Infertility, according to the World Health Organization, is defined as failing to achieve a successful pregnancy after at least 12 months of unprotected and regular sexual intercourse [1]. However, this definition varies based on significant factors in a patient’s medical history, clinical presentation, and age. If an individual has a medical, sexual, reproductive history, or physical exam finding, significant for concern regarding reproductive function, or if they are 40 years of age or older, it is recommended to initiate diagnostic testing immediately [1]. Additionally, age itself may warrant expedited workup at 6 months, particularly for women 35 years and older, who have had regular, unprotected intercourse without conceiving [1]. Infertility affects up to 15% of reproductive-aged couples and once identified warrants evaluation.

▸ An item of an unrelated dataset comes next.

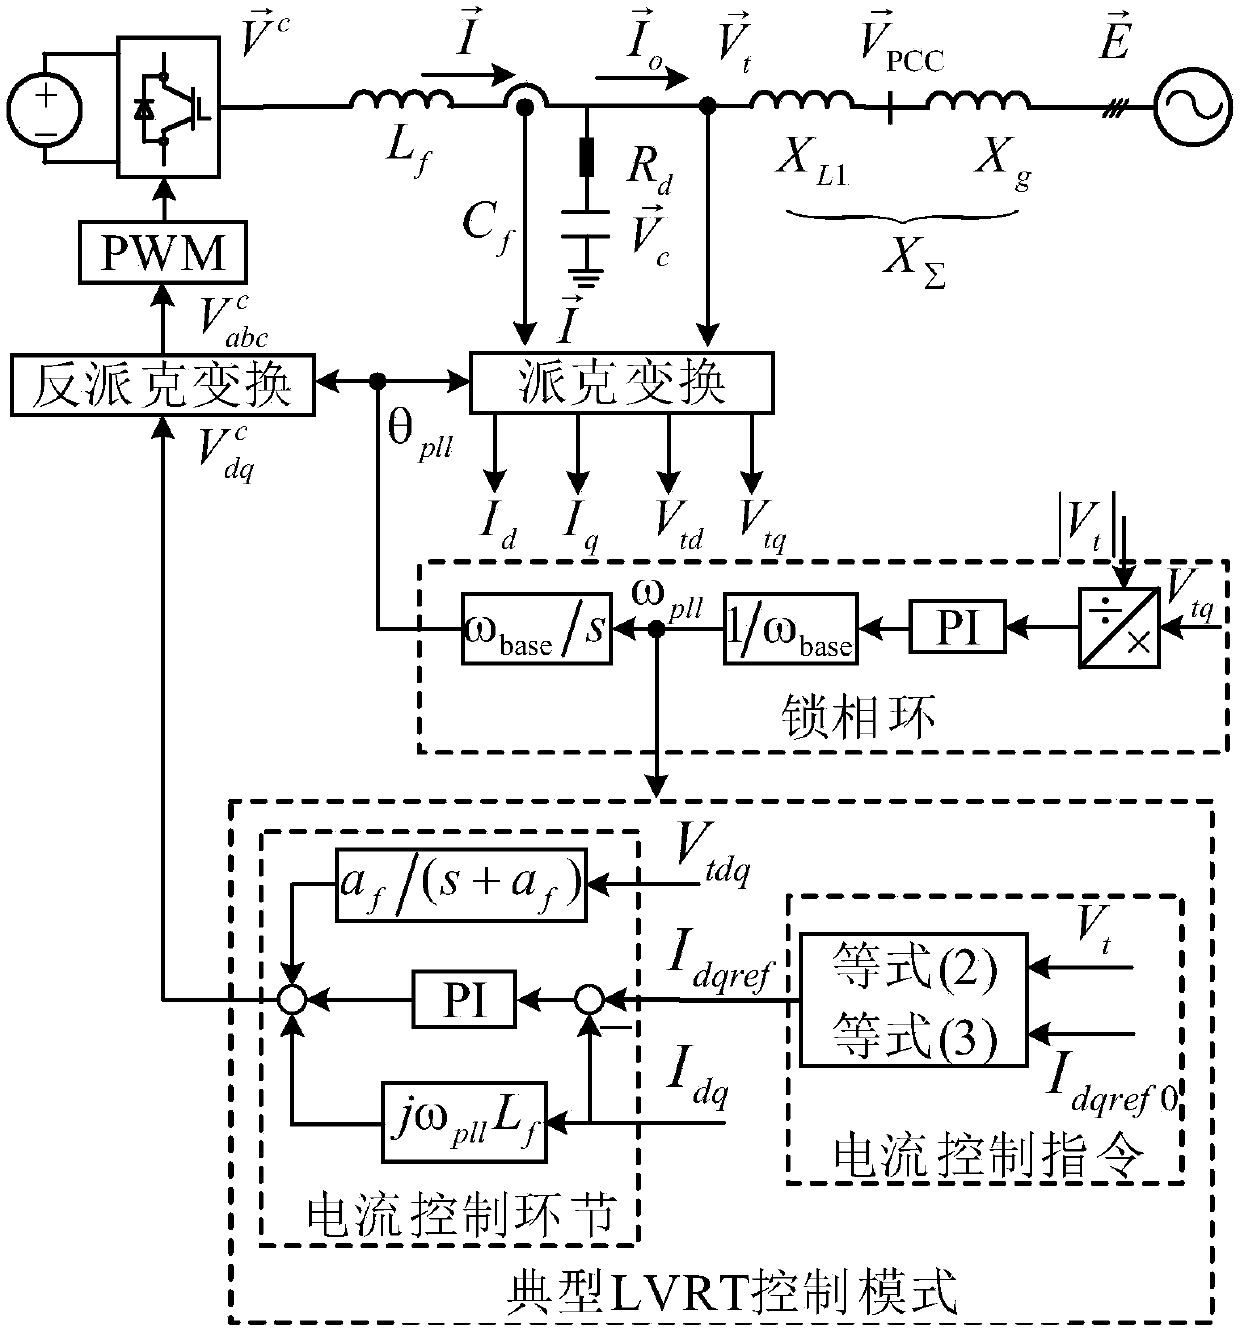 Inverter low voltage riding-through control method for weak network far-end severe voltage failure

The most common female cause of infertility is ovulatory dysfunction secondary to factors such as obesity, polycystic ovary syndrome (PCOS), hypothalamic and pituitary dysfunction, thyroid disease, and hyperprolactinemia [2, 3]. Women at risk for diminished ovarian reserve include women 35 years or older, those with a family history of early menopause, prior ovarian resection, and a history of pelvic radiation, or chemotherapy [2]. Tubal disease and endometriosis are other common causes of infertility. In 40% of couples, there is a contributing male factor which may also lead to a need for ART. Despite many identifiable causes and risk factors for infertility, as many as 15–20% of couples may ultimately be diagnosed with unexplained infertility [3].

The first live birth using in vitro fertilization (IVF), one type of ART, occurred in 1978 and 3 years later, the first infant in the USA to be conceived with the use of IVF was born [4, 5]. Since then, the use of ART and IVF procedures to treat infertility has increased substantially due to the growing number of fertility clinics, improved success rates, awareness of these procedures, and greater availability of insurance coverage. This is illustrated by the fact that in 2015, out of 4,009,654 infants born in the USA and Puerto Rico, 66,298 (1.7%) of them were conceived using ART procedures [5]. As maternal age continues to advance, the need for ART will only continue to increase [6].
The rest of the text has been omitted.